Take Me to Art 4/6/19: Frida Kahlo: Appearances Can Be Deceiving at Brooklyn Museum

Untitled collage
Lightboxes and paraphernalia.  Yup, mine.

Soy una mezcla (I am a mixture).
–Frida Kahlo

A few days after seeing Frida Kahlo: Appearances Can Be Deceiving at the Brooklyn Museum, I keep coming back to one of the smaller works on display, one I didn’t know before I saw the show.  Both its size and its black-and-white palette made it easy to overlook.  Entitled Frida y el aborto (Frida and the Miscarriage), it’s a simple lithograph of which only three copies remain, Frida having destroyed the rest.  She commented about her miscarriages, “Many things prevented the fulfillment of the desire all consider normal, and nothing seemed more normal to me than to paint what I had not achieved…I lost three children…Painting replaced all of that.”

As with Kahlo’s body of work itself, color is a defining element of much of the rest of the exhibition.  It includes clothing both from her personal wardrobe and similar pieces, down to the plaster casts she wore on her torso after a streetcar accident left her permanently disabled; photographs from all stages of her life, including the brilliant color photos by her lover Nickolas Muray; and some of her best-loved paintings, including one of my favorites, Love Embrace of the Universe, the Earth (Mexico), Myself, Diego, and Señor Xolotl.  The lightboxes at the front of the exhibit (pictured above) pop in cerulean and peach; the walls inside are emerald and maize.

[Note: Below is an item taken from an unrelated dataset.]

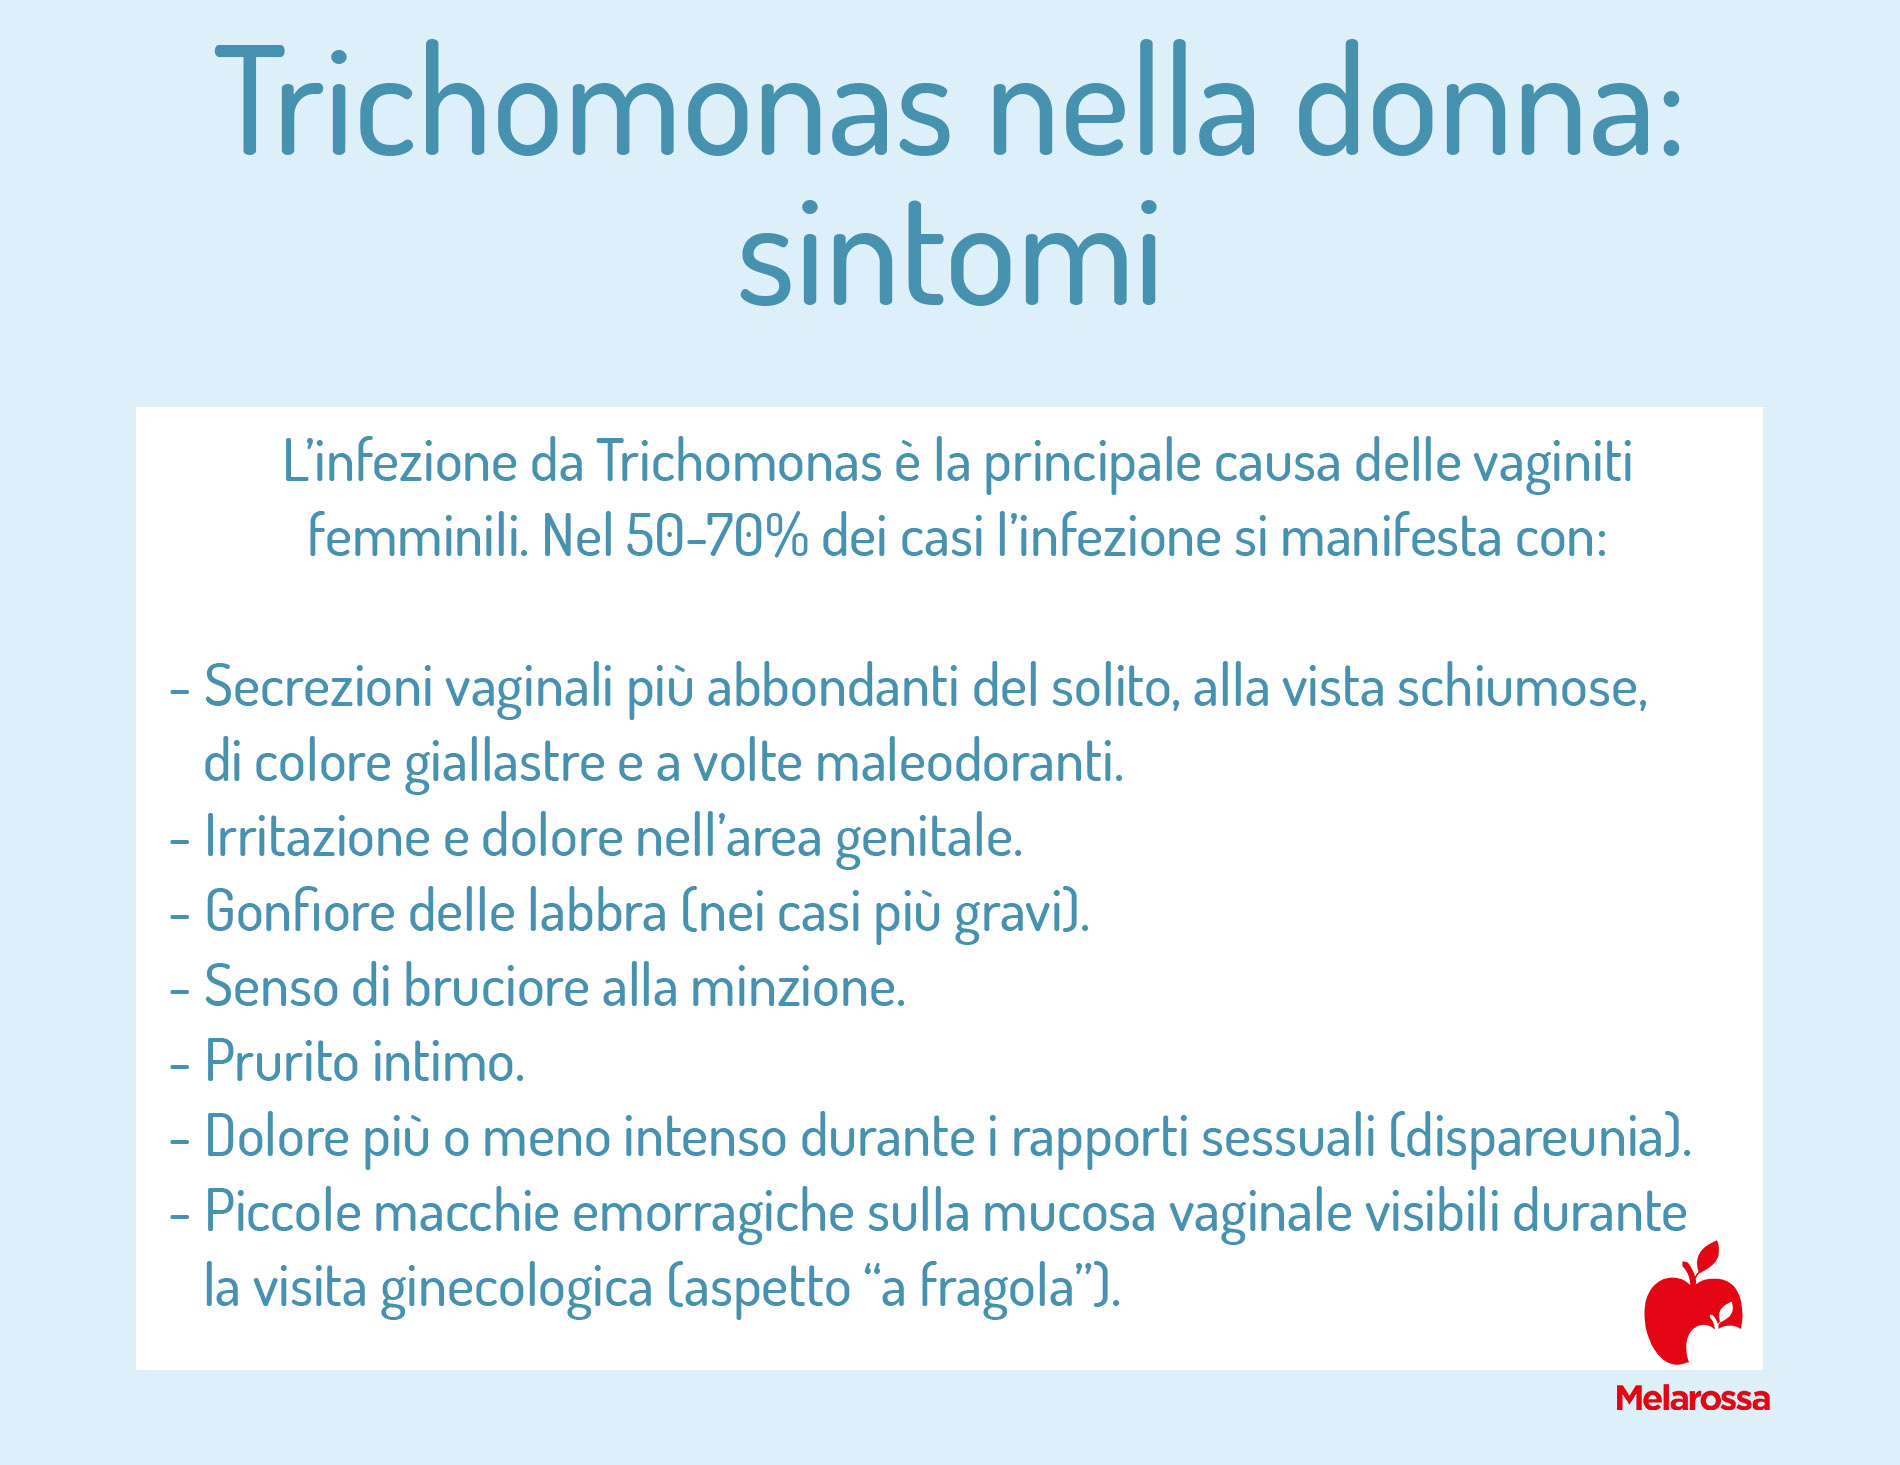 tricomoniasi: sintomi nella donna 
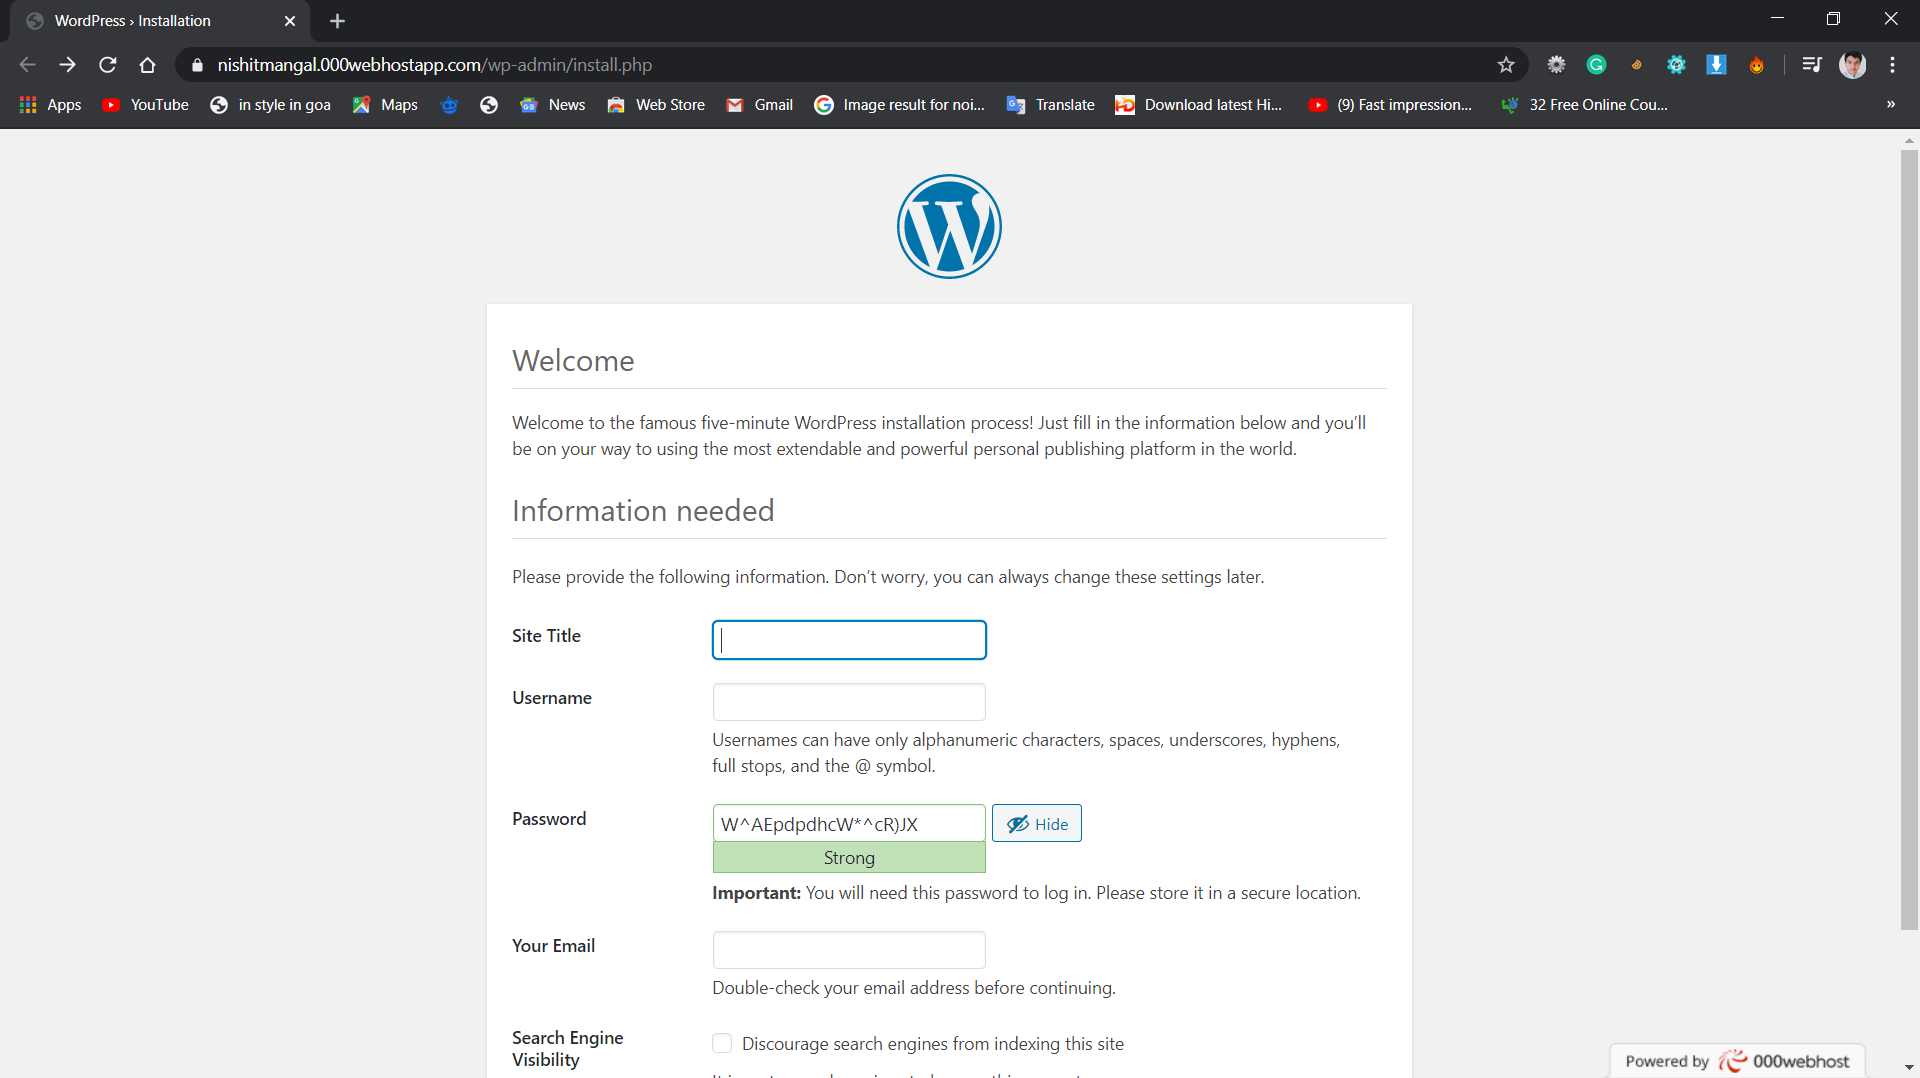 WordPress › Installation - Google Chrome 28-03-2020 13_41_49

But when I think about the exhibit, I keep thinking about Frida y el aborto.  In this print, she memorializes her grief, refusing to sanitize it; she also looks ahead, to a future in which new things, symbolized by plants taking root, grow from the losses of her pregnancies.

Frida Kahlo was a mother of invention, most notably after she was almost killed in the streetcar accident.  In the notes for the exhibition, the accident is described as such:

A fellow passenger on the bus that crashed in 1925, severely injuring Kahlo, was heading to the unfinished National Theatre with a package of gold leaf.  The impact of the collision scattered Kahlo with flecks of gold.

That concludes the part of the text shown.